## Recorded information:
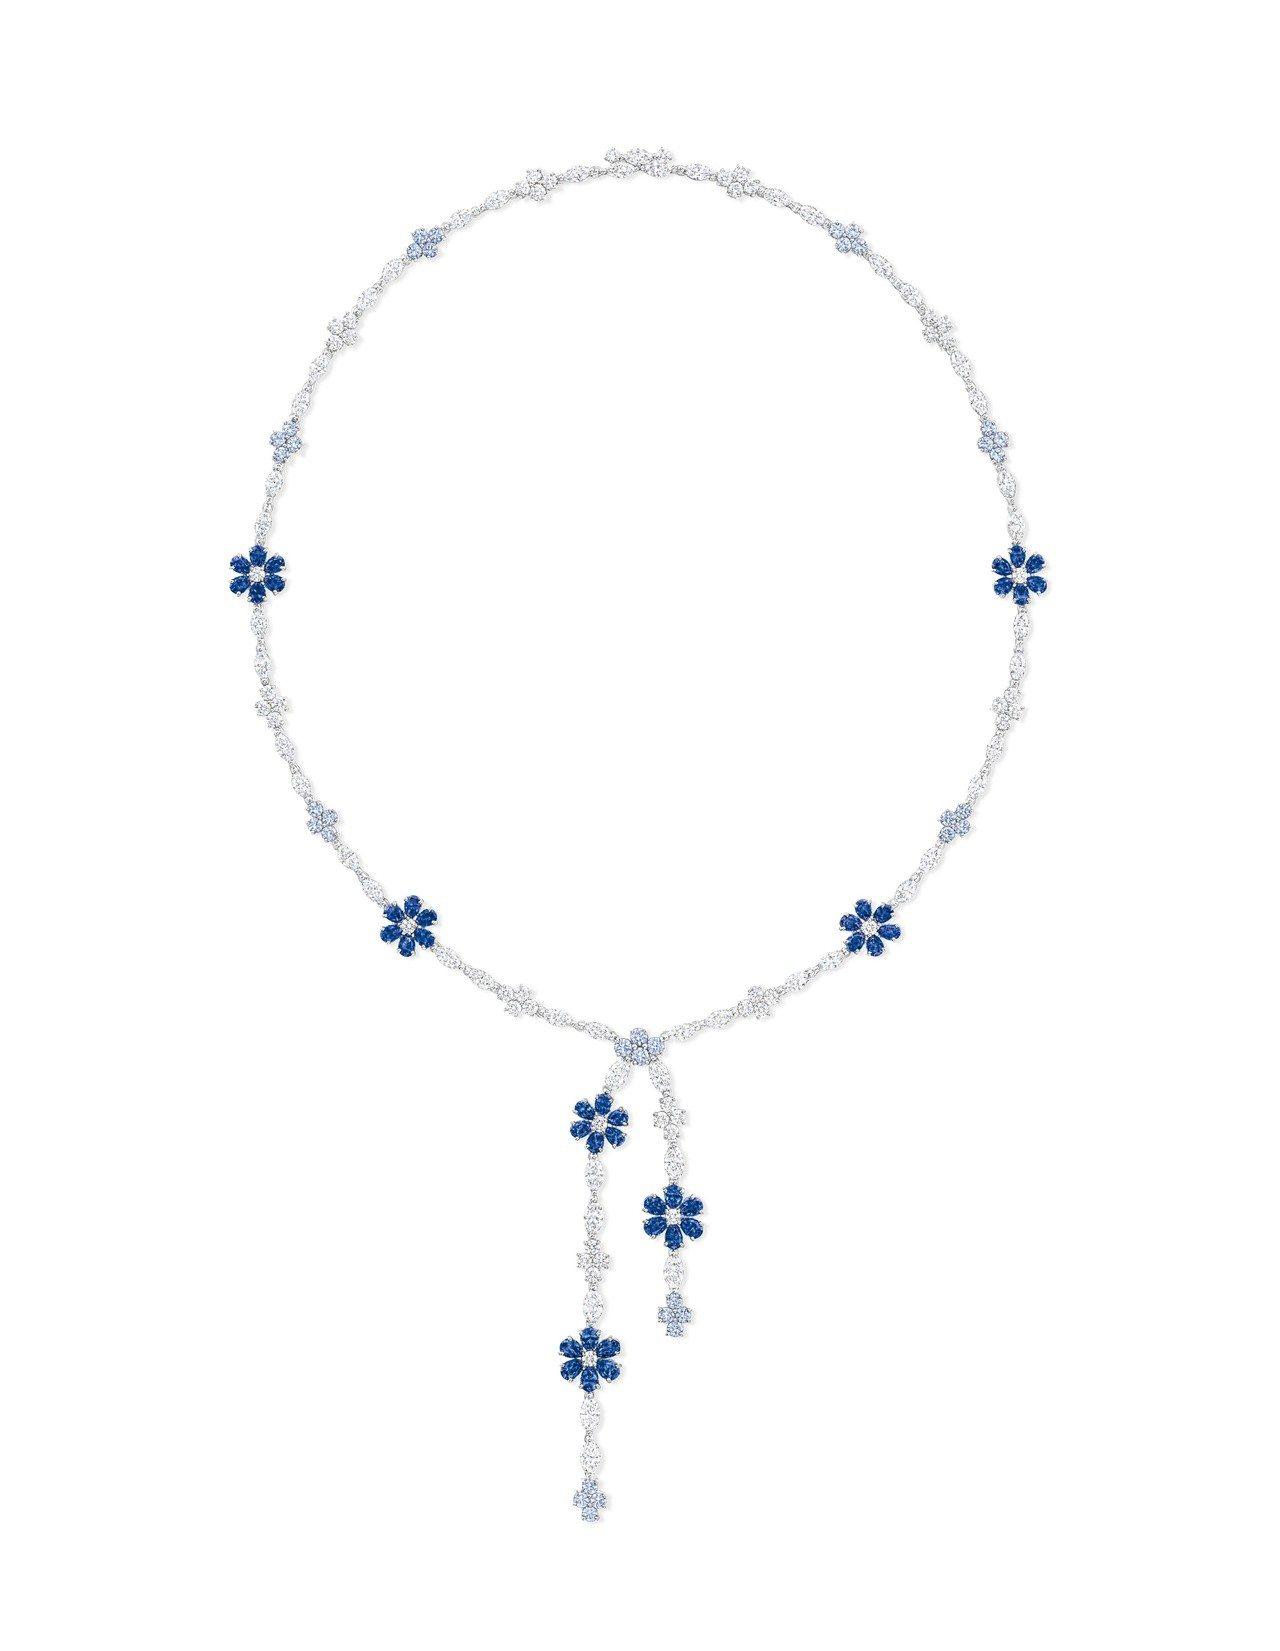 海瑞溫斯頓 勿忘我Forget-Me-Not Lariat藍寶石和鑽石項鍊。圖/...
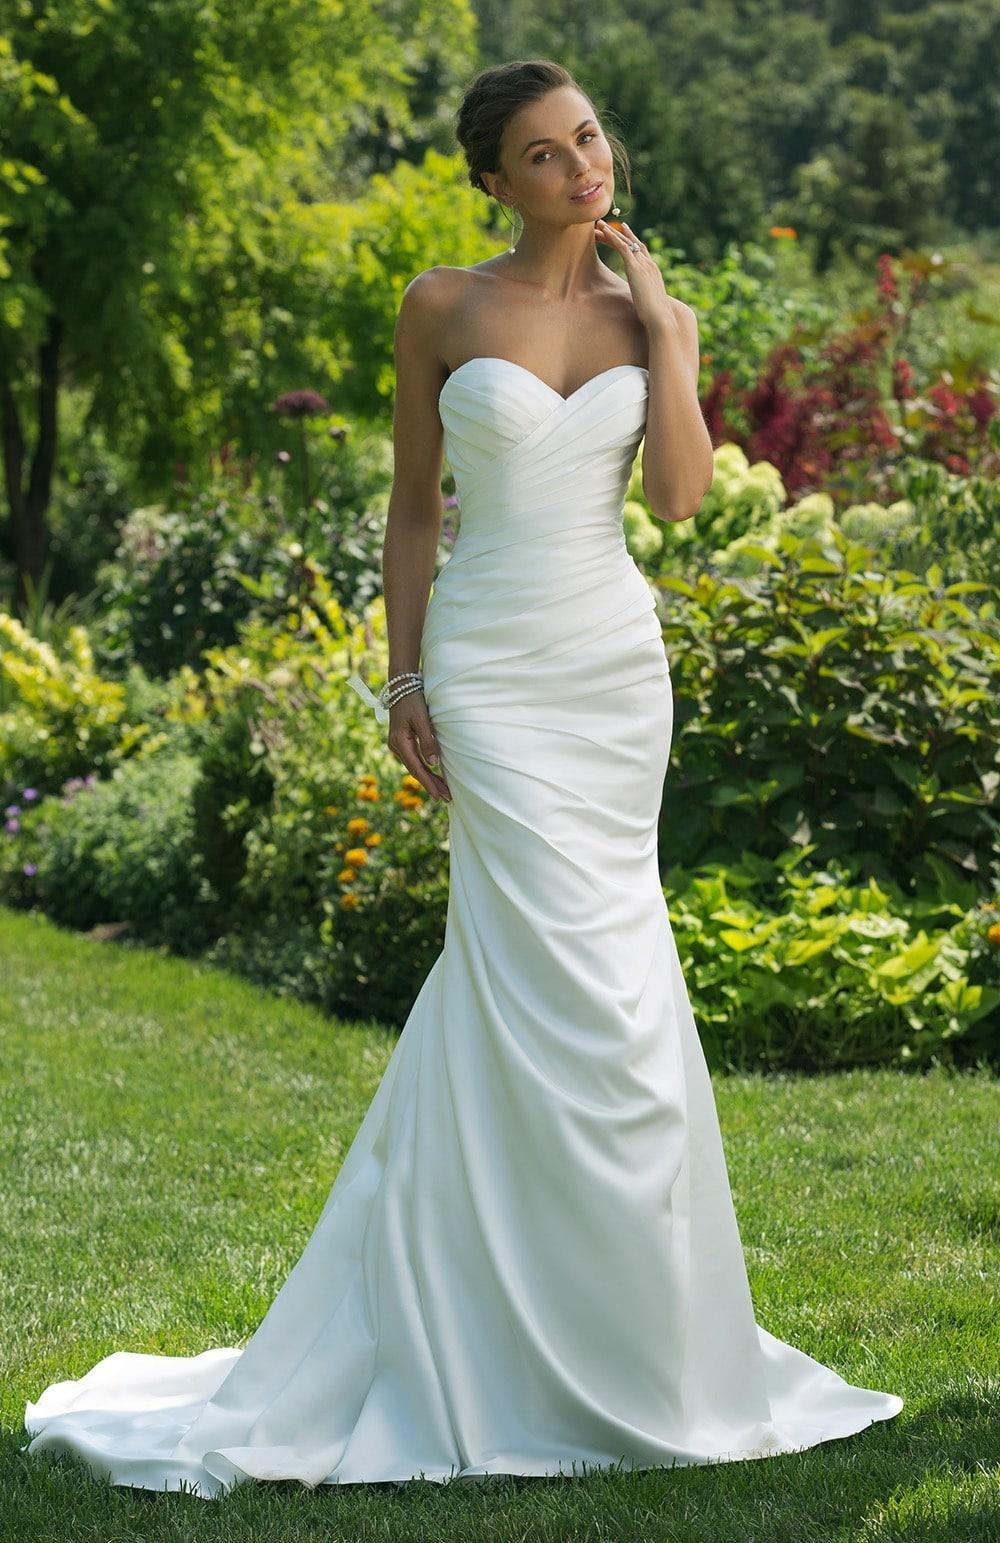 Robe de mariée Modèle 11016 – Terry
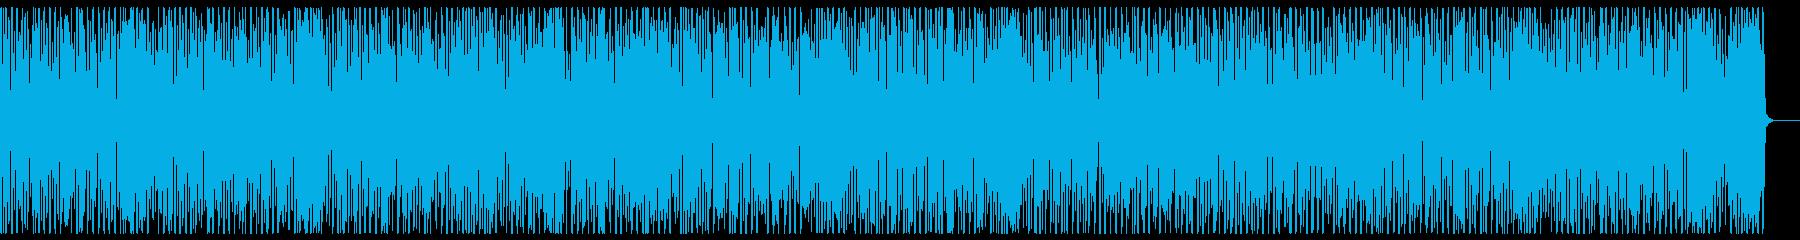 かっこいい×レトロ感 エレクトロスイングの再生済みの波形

## Requirement:
Write out the data above in full and exactly, but not the pictures.

## Answer section:
 海瑞溫斯頓 勿忘我Forget-Me-Not Lariat藍寶石和鑽石項鍊。圖/...
 Robe de mariée Modèle 11016 – Terry
 かっこいい×レトロ感 エレクトロスイングの再生済みの波形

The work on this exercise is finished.